DATASET CONTENT:
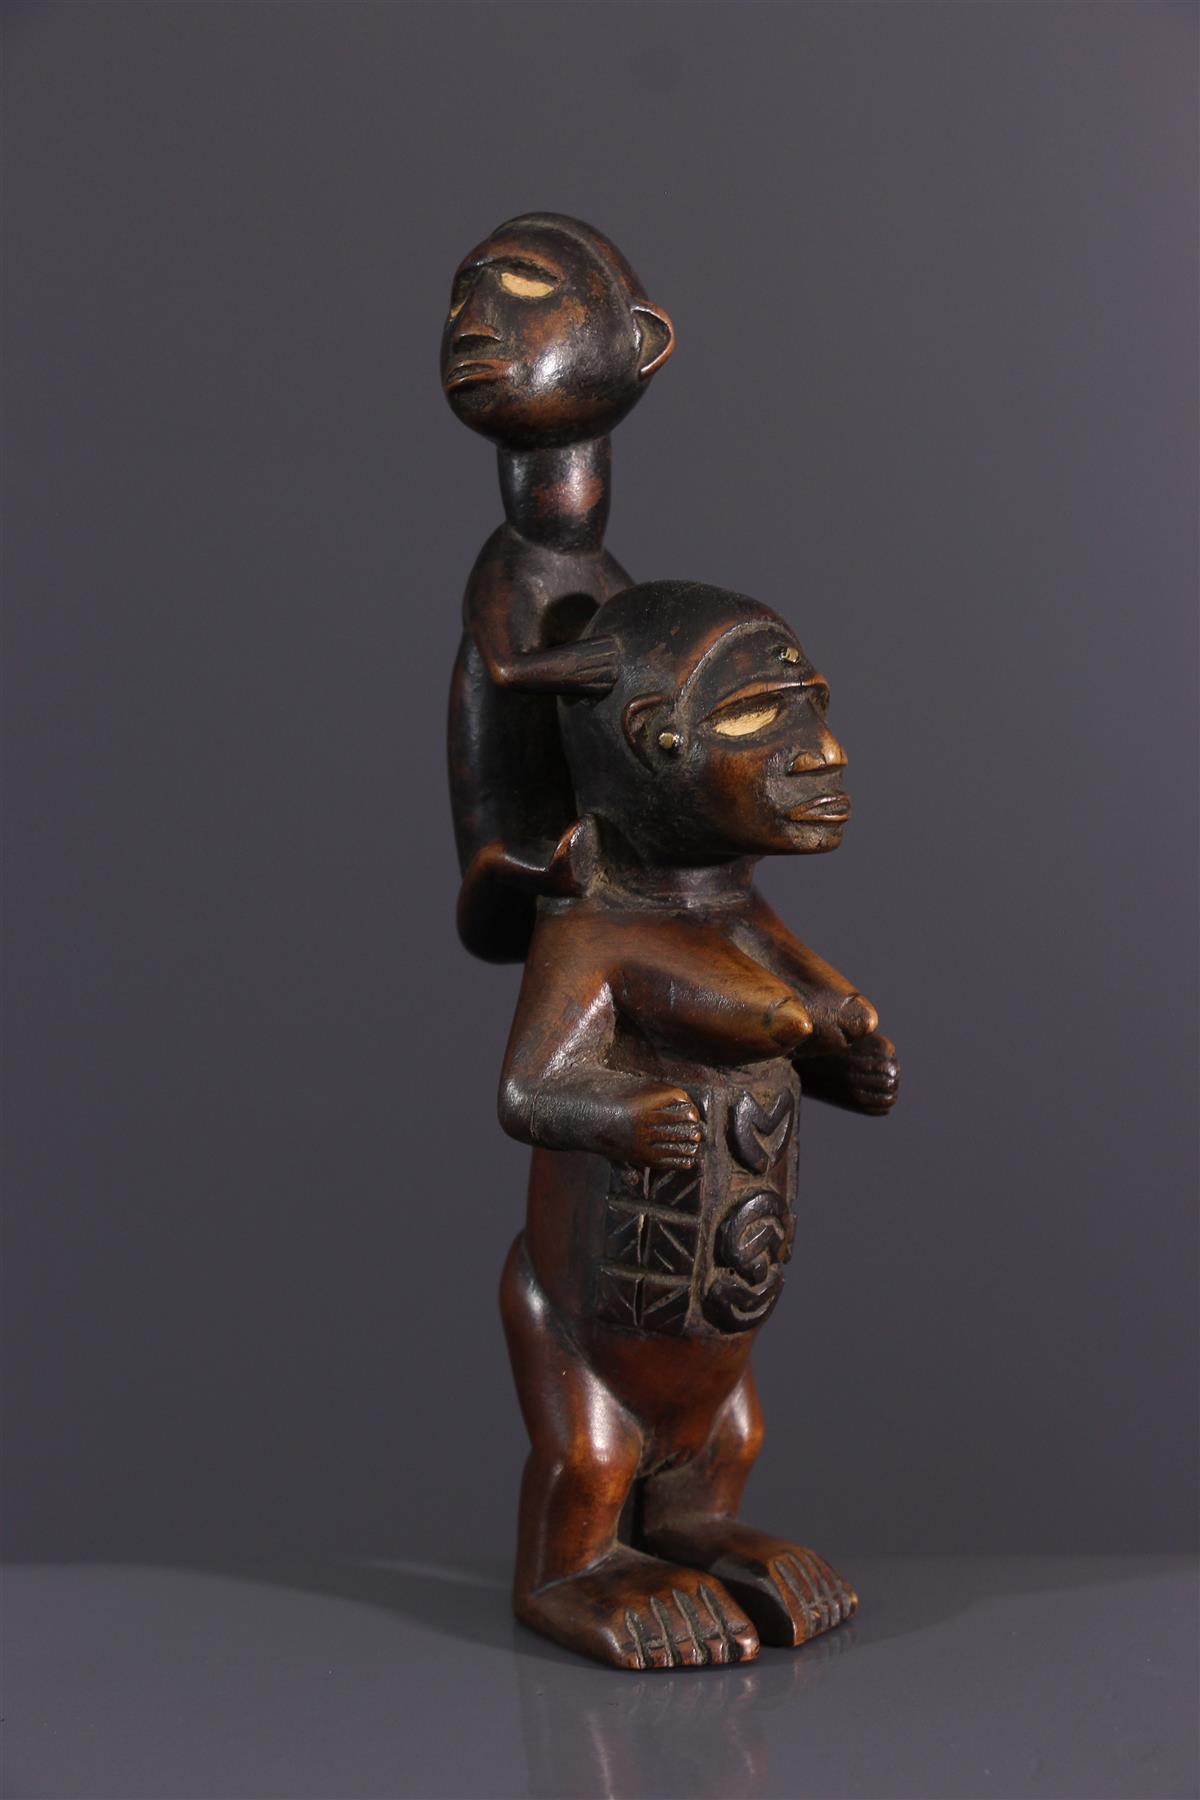 Statuette Bembe - African art
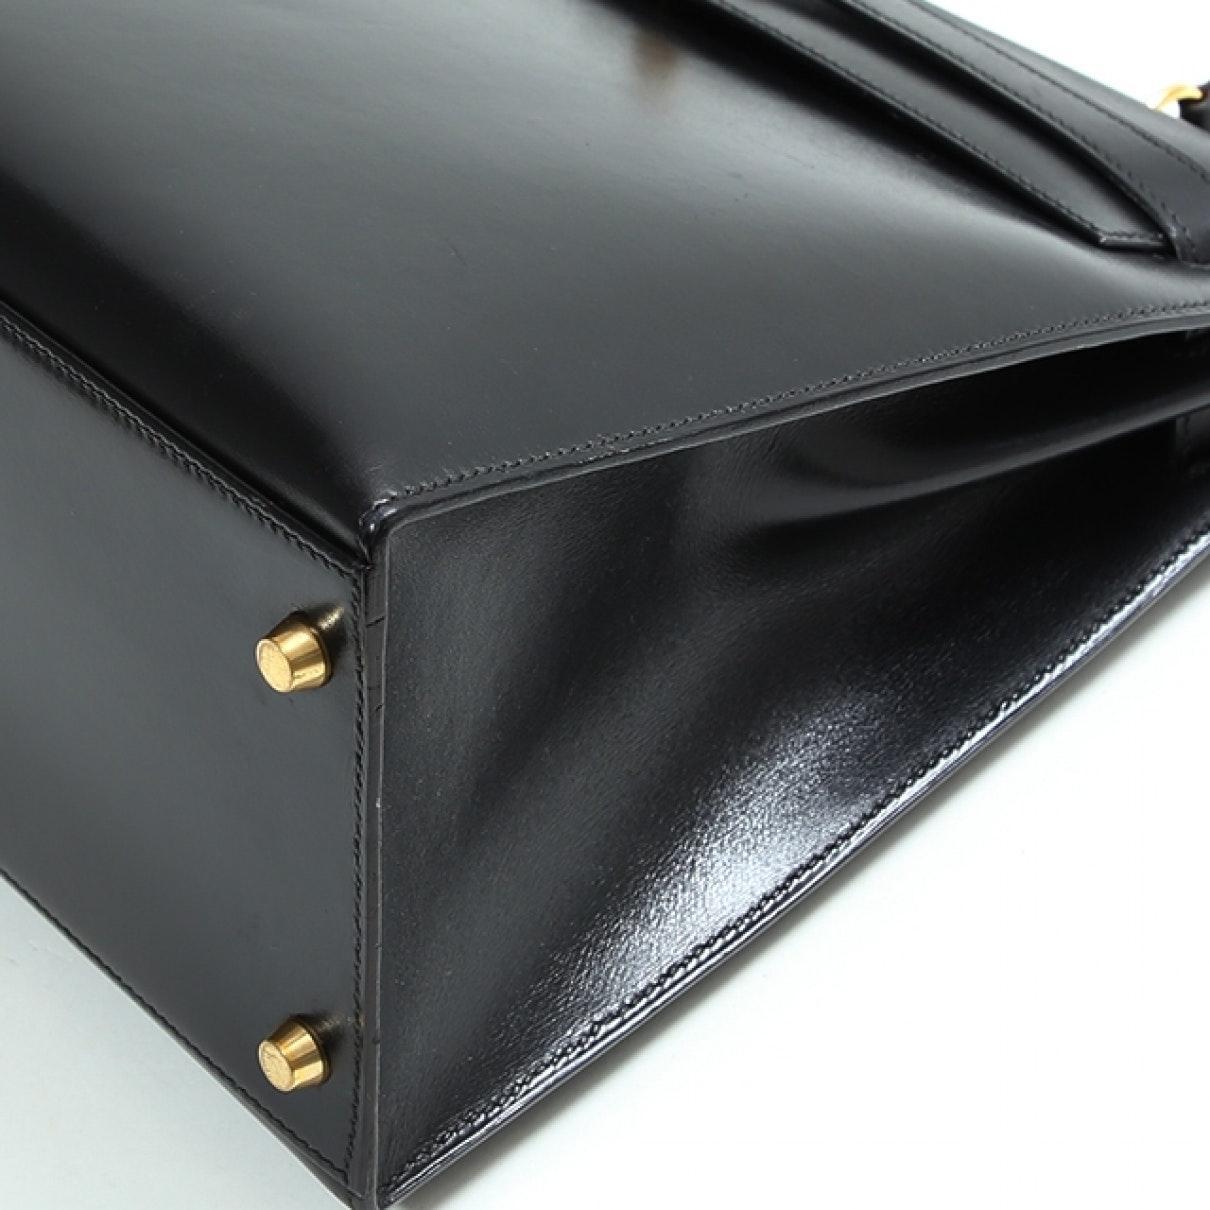 Sac à main Kelly 35 en Cuir Noir Cuir Hermès en coloris Noir xcdv
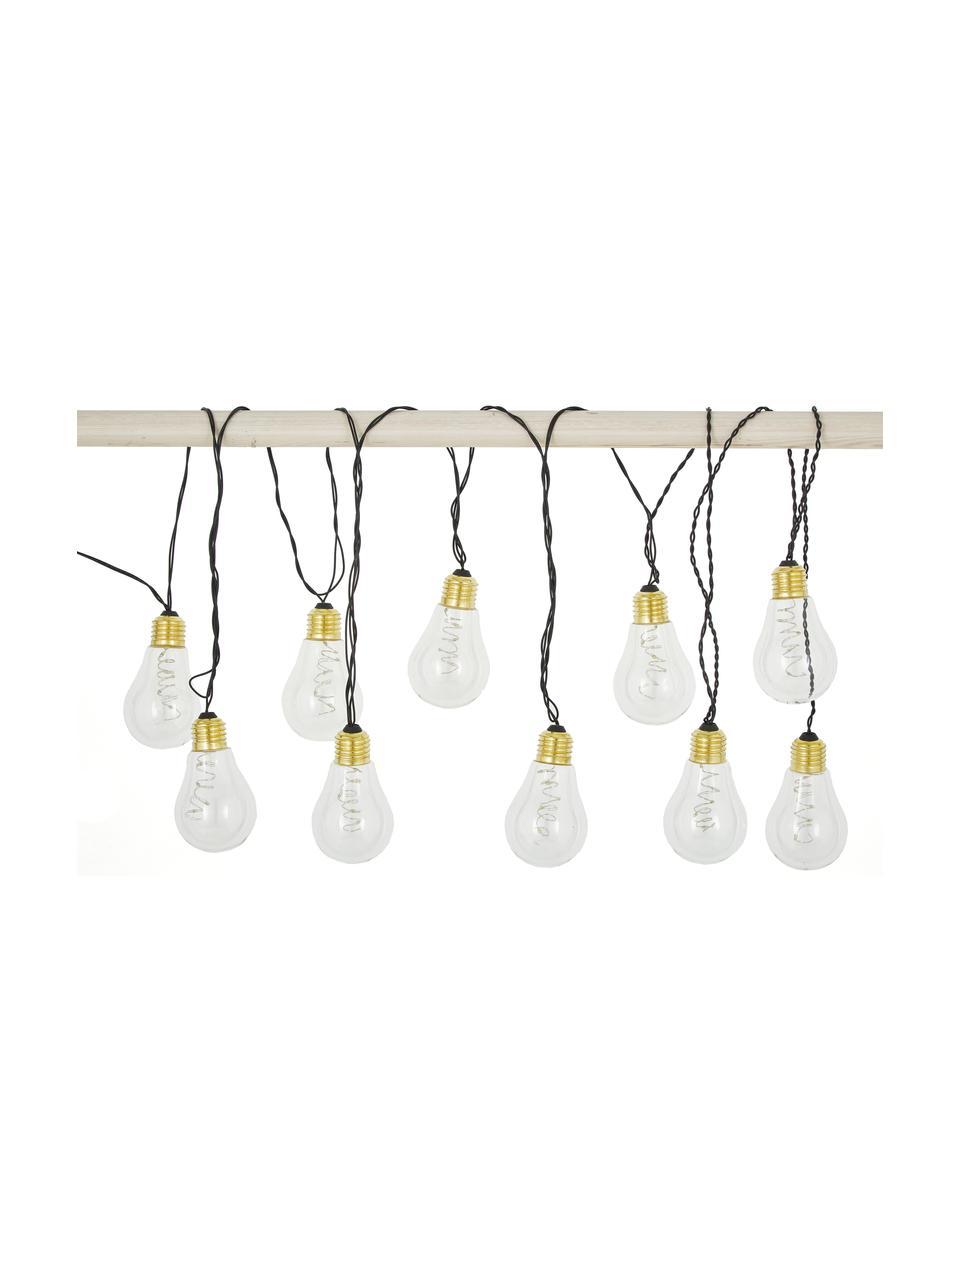 Ghirlanda  a LED Bulb, 360 cm, Lampadina: materiale sintetico, meta, Lampadina: trasparente, dorato, Cavo: nero, Lung. 360 cm

EXERCISE BRIEF: Print only the lines running from the one containing "Sac à main Kelly" to the end of the data above, exactly; include no pictures.

FINISHED TASK:
 Sac à main Kelly 35 en Cuir Noir Cuir Hermès en coloris Noir xcdv
 Ghirlanda  a LED Bulb, 360 cm, Lampadina: materiale sintetico, meta, Lampadina: trasparente, dorato, Cavo: nero, Lung. 360 cm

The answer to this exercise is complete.